Moraes diz que indulto não tira inelegibilidade de Silveira

 
Ministro do STF ainda deu prazo para defesa do deputado se pronunciar sobre graça presidencial e tornozeleira eletrônica


O ministro do Supremo Tribunal Federal (STF) Alexandre de Moraes registrou a primeira manifestação nos autos da ação penal desde o julgamento de Daniel Silveira, na última quarta-feira, 20. Segundo o magistrado, o indulto concedido pelo presidente Jair Bolsonaro não invalida a inelegibilidade do deputado federal (PTB-RJ).

No entendimento de Moraes, a graça presidencial não anula os efeitos secundários da condenação, como a suspensão dos direitos políticos de Silveira por oito anos.

“O indulto presidencial não equivale à reabilitação para afastar a inelegibilidade decorrente de condenação criminal, o qual atinge apenas os efeitos primários da condenação — a pena, sendo mantidos os efeitos secundários”, escreveu Moraes, em atualização dos autos, nesta terça-feira, 26.

Moraes ainda determinou que a defesa de Silveira se manifeste sobre o indulto em um prazo de 48 horas, assim como a respeito do descarregamento da tornozeleira eletrônica usada por Daniel Silveira. O parlamentar não é monitorado pelas autoridades penitenciárias desde o último dia 17 de abril.

#NotíciaSTF O min. Alexandre de Moraes determinou que a defesa do dep. Daniel Silveira se manifeste em 48 horas sobre descumprimento de medidas cautelares impostas pelo STF, como irregularidades na tornozeleira eletrônica, presença em eventos e concessão de entrevista. (1/3)

— STF (@STF_oficial) April 26, 2022


Bolsonaro concedeu o indulto da graça ao deputado federal na quinta-feira 21, um dia depois de Silveira ter sido condenado a oito anos e nove meses de prisão, por ampla maioria dos ministros do STF. O parlamentar foi denunciado pela Procuradoria-Geral da República por incitação à violência e ameaças a integrantes da Corte.

Graça presidencial e os direitos políticos de Silveira

Para o jurista Modesto Carvalhosa, a graça concedida pelo presidente extingue a pena de prisão e o pagamento de multas, e a decisão abrange todos os efeitos da condenação, o que significa que o deputado não pode perder os direitos políticos nem ter o mandato cassado.

“Como é possível que os feitos da condenação não sejam abrangidos pela graça? Este é um raciocínio primário também, ou seja, se existe a graça, existe um indulto à pena e as suas sequelas, aqueles efeitos secundários”, defende Carvalhosa. “O perdão abrange a totalidade, a pessoa é indultada. E esta da cassação de mandato é o absurdo dos absurdos em si mesma.”

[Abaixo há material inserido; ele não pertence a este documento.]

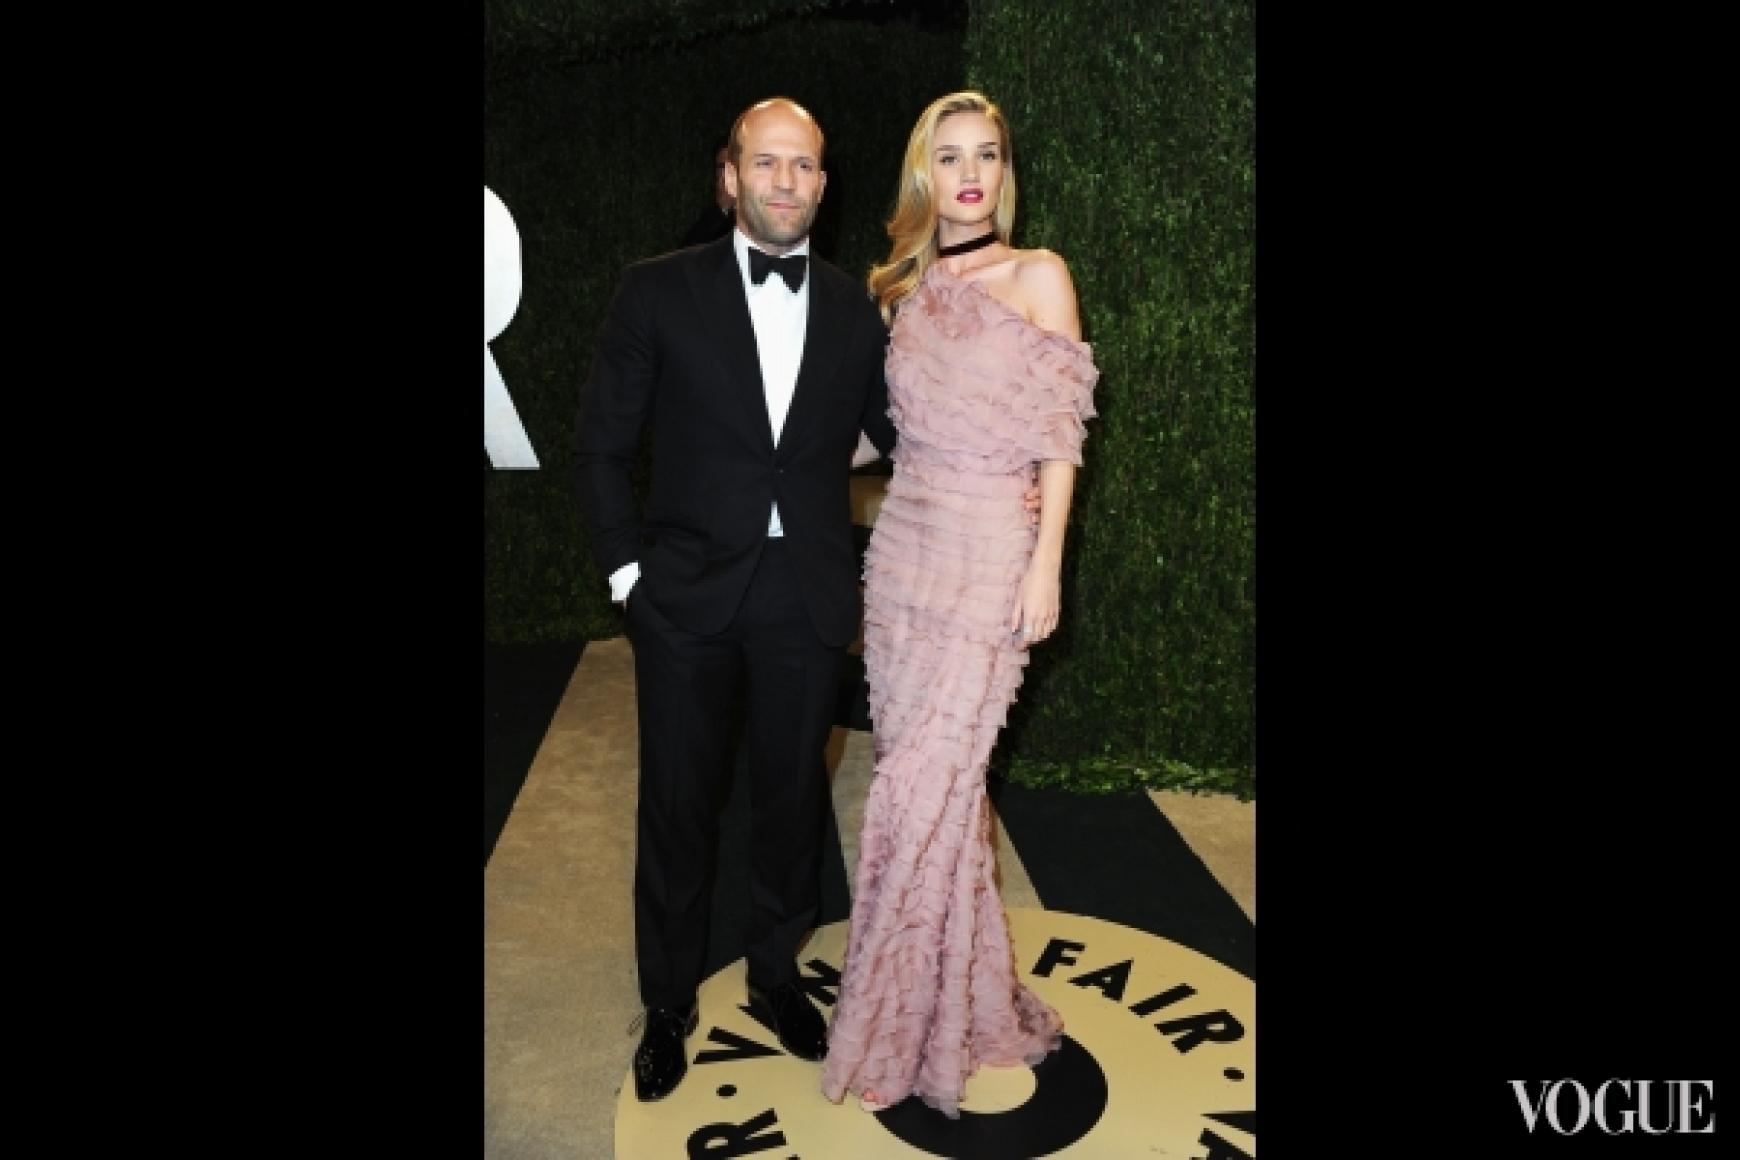 Джейсон Стэтхэм и Рози Хантингтон-Уайтли в платье Valentino Fall 2012 Couture

O advogado de Silveira, Paulo Faria, disse em entrevista ao programa Direto ao Ponto, da Jovem Pan, que o parlamentar poderá disputar as eleições deste ano. “Não se pode mais dizer que Silveira é um condenado ou que está devendo multas exorbitantes”, observou o advogado.

Faria argumentou que Daniel Silveira pode ser candidato em virtude de a Lei da Ficha Limpa não prever o suposto crime que o parlamentar teria cometido. “O presidente Jair Bolsonaro ainda concedeu o indulto, que abrange todas as condenações”, disse.

Bolsonaro precisa explicar indulto

A ministra Rosa Weber, do Supremo Tribunal Federal, deu dez dias para o presidente Jair Bolsonaro explicar o indulto concedido ao deputado federal Daniel Silveira.

Em despacho na noite de segunda-feira 25, a ministra afirmou que o assunto tem “relevância e especial significado para a ordem social e a segurança jurídica”.

Além da manifestação do presidente, Rosa Weber abriu prazo para a Advocacia-Geral da União (AGU) e para a Procuradoria-Geral da República enviarem seus pareceres sobre o decreto.

A ordem foi dada em ações apresentadas por partidos de oposição. Ao menos quatro processos foram protocolados no STF desde que Bolsonaro anunciou o indulto a Silveira.